What is needed
Your reply should reproduce all the data below exactly while excluding the pictures.

Data
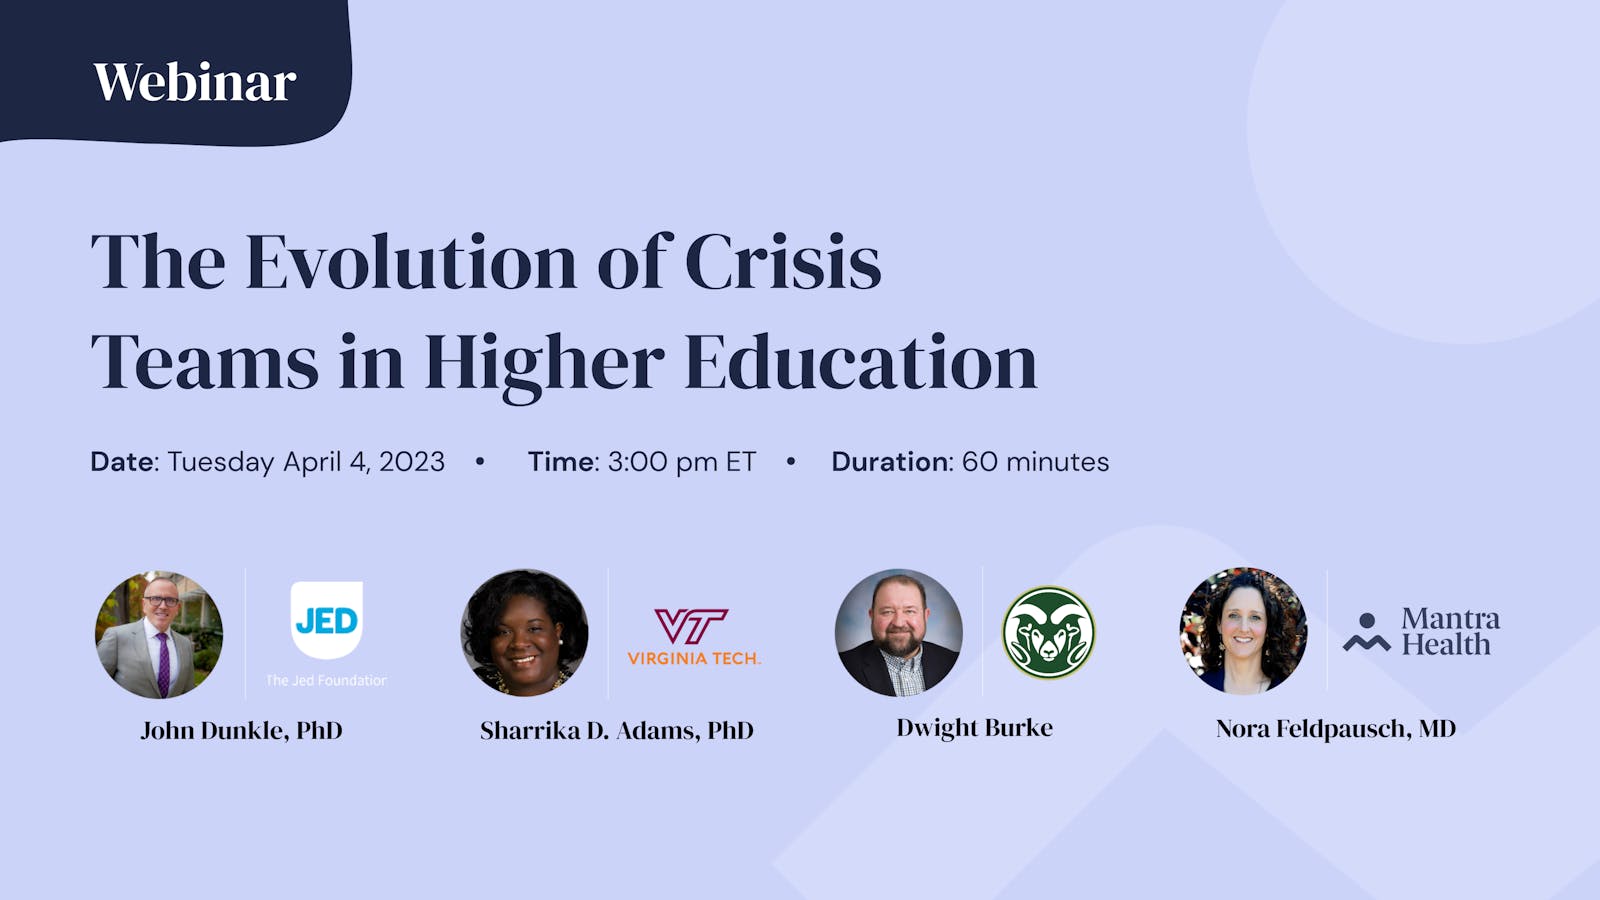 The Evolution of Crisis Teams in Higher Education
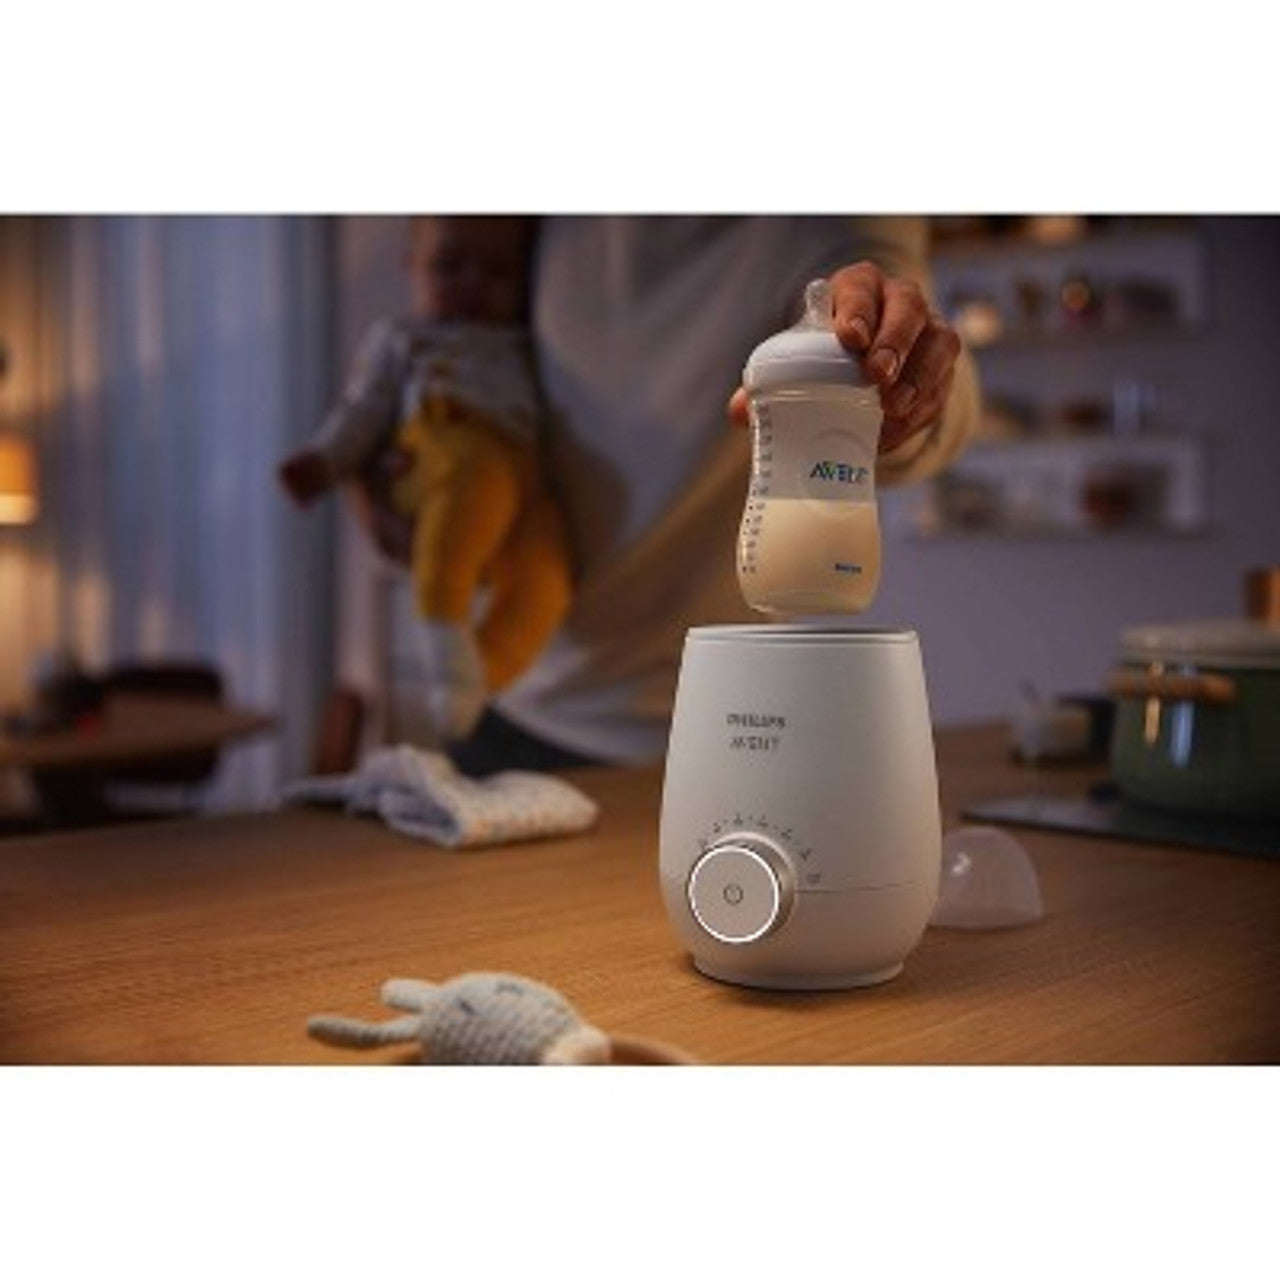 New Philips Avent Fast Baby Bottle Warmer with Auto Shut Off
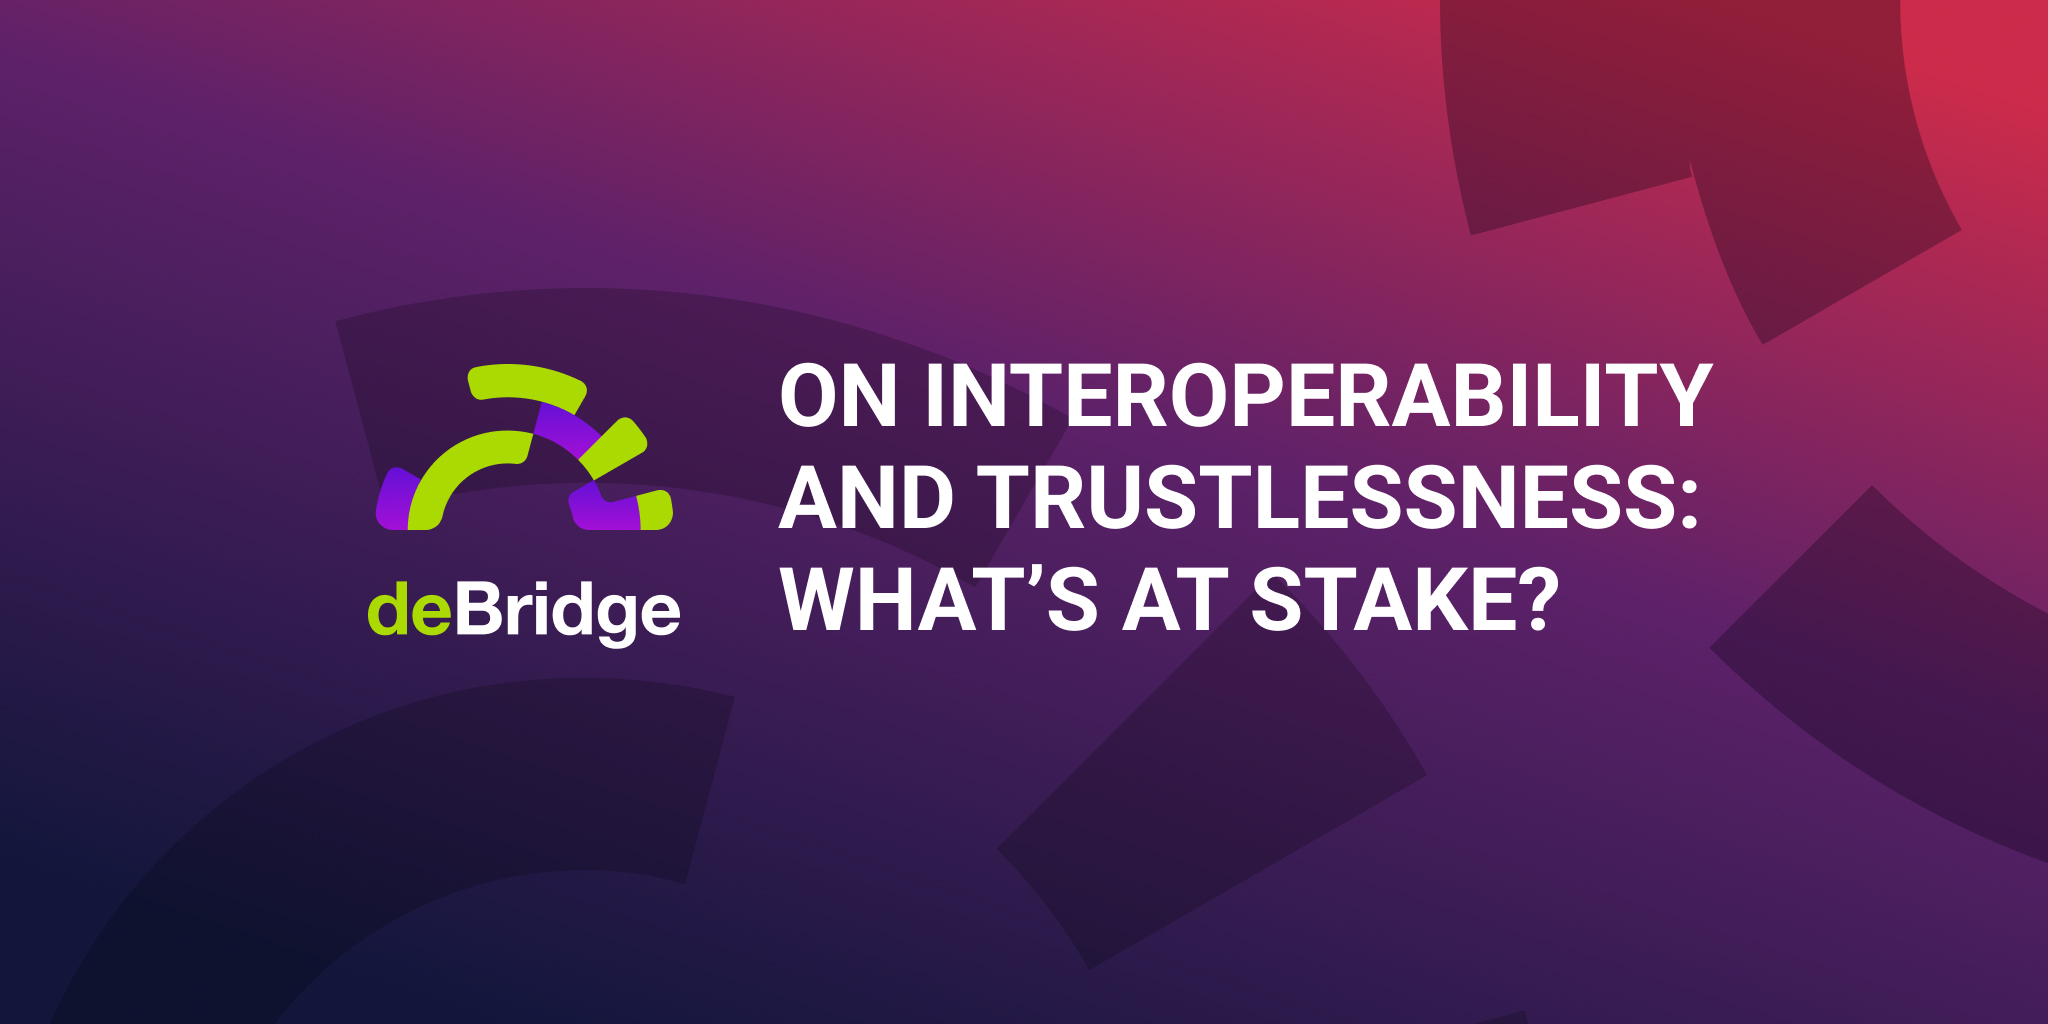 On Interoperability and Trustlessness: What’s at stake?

Result of the exercise
 The Evolution of Crisis Teams in Higher Education
 New Philips Avent Fast Baby Bottle Warmer with Auto Shut Off
 On Interoperability and Trustlessness: What’s at stake?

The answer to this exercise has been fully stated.